From: Waiman Long <longman@redhat.com>
To: "Tejun Heo" <tj@kernel.org>,
"Johannes Weiner" <hannes@cmpxchg.org>,
"Michal Koutný" <mkoutny@suse.com>,
"Jonathan Corbet" <corbet@lwn.net>,
"Shuah Khan" <skhan@linuxfoundation.org>,
"Catalin Marinas" <catalin.marinas@arm.com>,
"Will Deacon" <will@kernel.org>,
"K. Y. Srinivasan" <kys@microsoft.com>,
"Haiyang Zhang" <haiyangz@microsoft.com>,
"Wei Liu" <wei.liu@kernel.org>,
"Dexuan Cui" <decui@microsoft.com>,
"Long Li" <longli@microsoft.com>,
"Guenter Roeck" <linux@roeck-us.net>,
"Frederic Weisbecker" <frederic@kernel.org>,
"Paul E. McKenney" <paulmck@kernel.org>,
"Neeraj Upadhyay" <neeraj.upadhyay@kernel.org>,
"Joel Fernandes" <joelagnelf@nvidia.com>,
"Josh Triplett" <josh@joshtriplett.org>,
"Boqun Feng" <boqun@kernel.org>,
"Uladzislau Rezki" <urezki@gmail.com>,
"Steven Rostedt" <rostedt@goodmis.org>,
"Mathieu Desnoyers" <mathieu.desnoyers@efficios.com>,
"Lai Jiangshan" <jiangshanlai@gmail.com>,
Zqiang <qiang.zhang@linux.dev>,
"Anna-Maria Behnsen" <anna-maria@linutronix.de>,
"Ingo Molnar" <mingo@kernel.org>,
"Thomas Gleixner" <tglx@kernel.org>,
"Chen Ridong" <chenridong@huaweicloud.com>,
"Peter Zijlstra" <peterz@infradead.org>,
"Juri Lelli" <juri.lelli@redhat.com>,
"Vincent Guittot" <vincent.guittot@linaro.org>,
"Dietmar Eggemann" <dietmar.eggemann@arm.com>,
"Ben Segall" <bsegall@google.com>, "Mel Gorman" <mgorman@suse.de>,
"Valentin Schneider" <vschneid@redhat.com>,
"K Prateek Nayak" <kprateek.nayak@amd.com>,
"David S. Miller" <davem@davemloft.net>,
"Eric Dumazet" <edumazet@google.com>,
"Jakub Kicinski" <kuba@kernel.org>,
"Paolo Abeni" <pabeni@redhat.com>,
"Simon Horman" <horms@kernel.org>
Cc: cgroups@vger.kernel.org, linux-doc@vger.kernel.org,
linux-kernel@vger.kernel.org,
linux-arm-kernel@lists.infradead.org,
linux-hyperv@vger.kernel.org, linux-hwmon@vger.kernel.org,
rcu@vger.kernel.org, netdev@vger.kernel.org,
linux-kselftest@vger.kernel.org,
Costa Shulyupin <cshulyup@redhat.com>,
Qiliang Yuan <realwujing@gmail.com>,
Waiman Long <longman@redhat.com>
Subject: [PATCH 23/23] cgroup/cpuset: Documentation and kselftest updates
Date: Mon, 20 Apr 2026 23:03:51 -0400 [thread overview]

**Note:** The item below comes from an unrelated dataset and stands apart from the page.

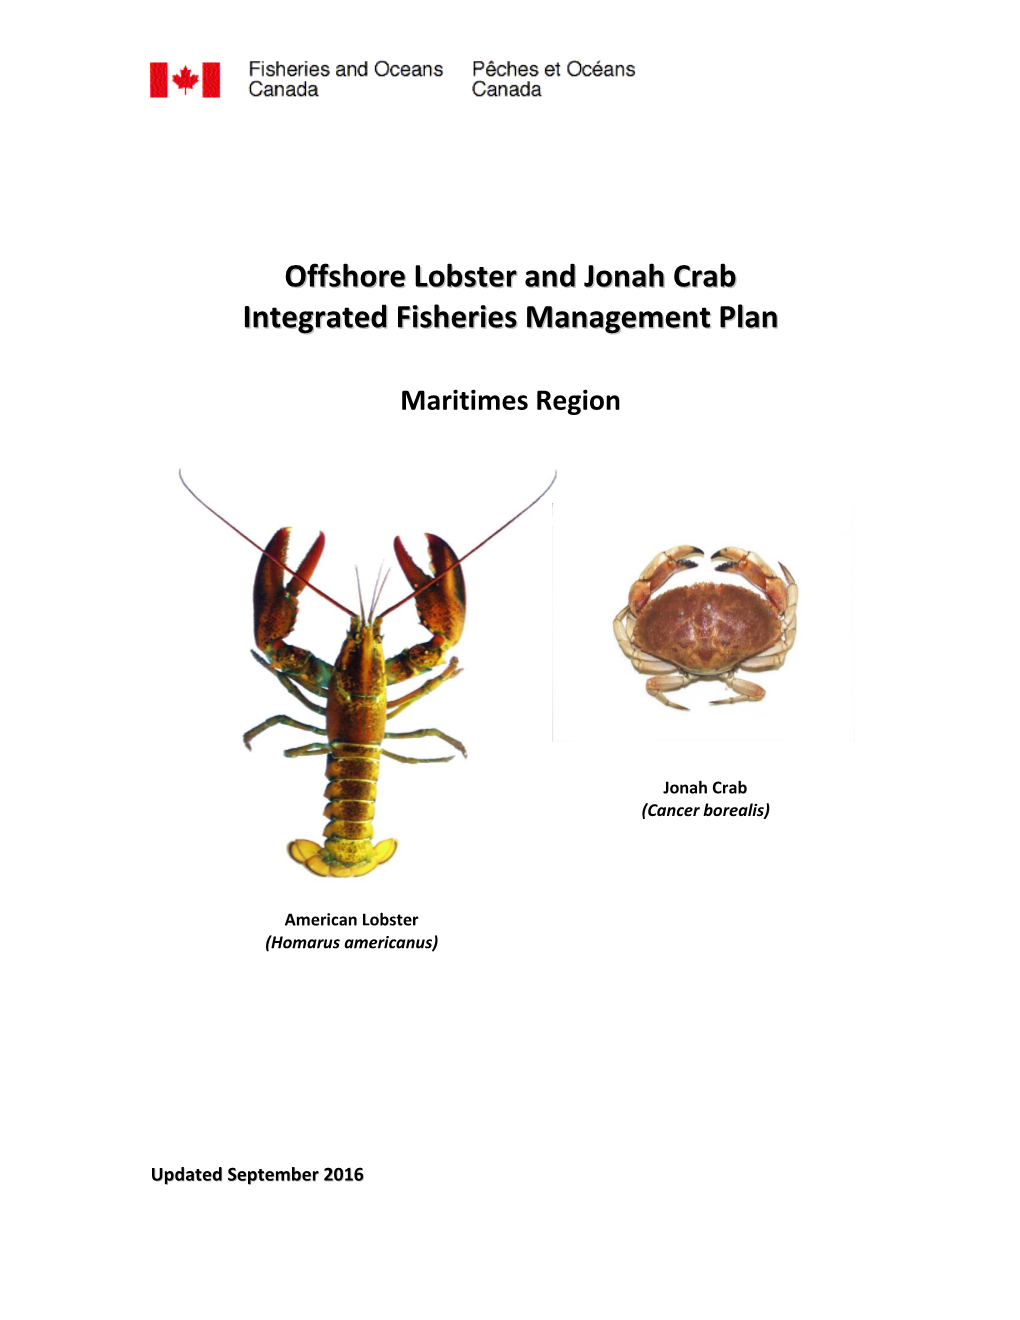 Offshore Lobster and Jonah Crab Integrated Fisheries Management Plan

Message-ID: <20260421030351.281436-24-longman@redhat.com> (raw)
In-Reply-To: <20260421030351.281436-1-longman@redhat.com>
As CPU hotplug is now being used to enable runtime update to the list
of nohz_full and managed_irq CPUs, we should avoid using CPU 0 in the
formation of isolated partition as CPU 0 may not be able to be brought
offline like in the case of x86-64 architecture. So a number of the
test cases in test_cpuset_prs.sh will have to be updated accordingly.
A new test will also be run in offline isn't allowed in CPU 0 to verify
that using CPU 0 as part of an isolated partition will fail.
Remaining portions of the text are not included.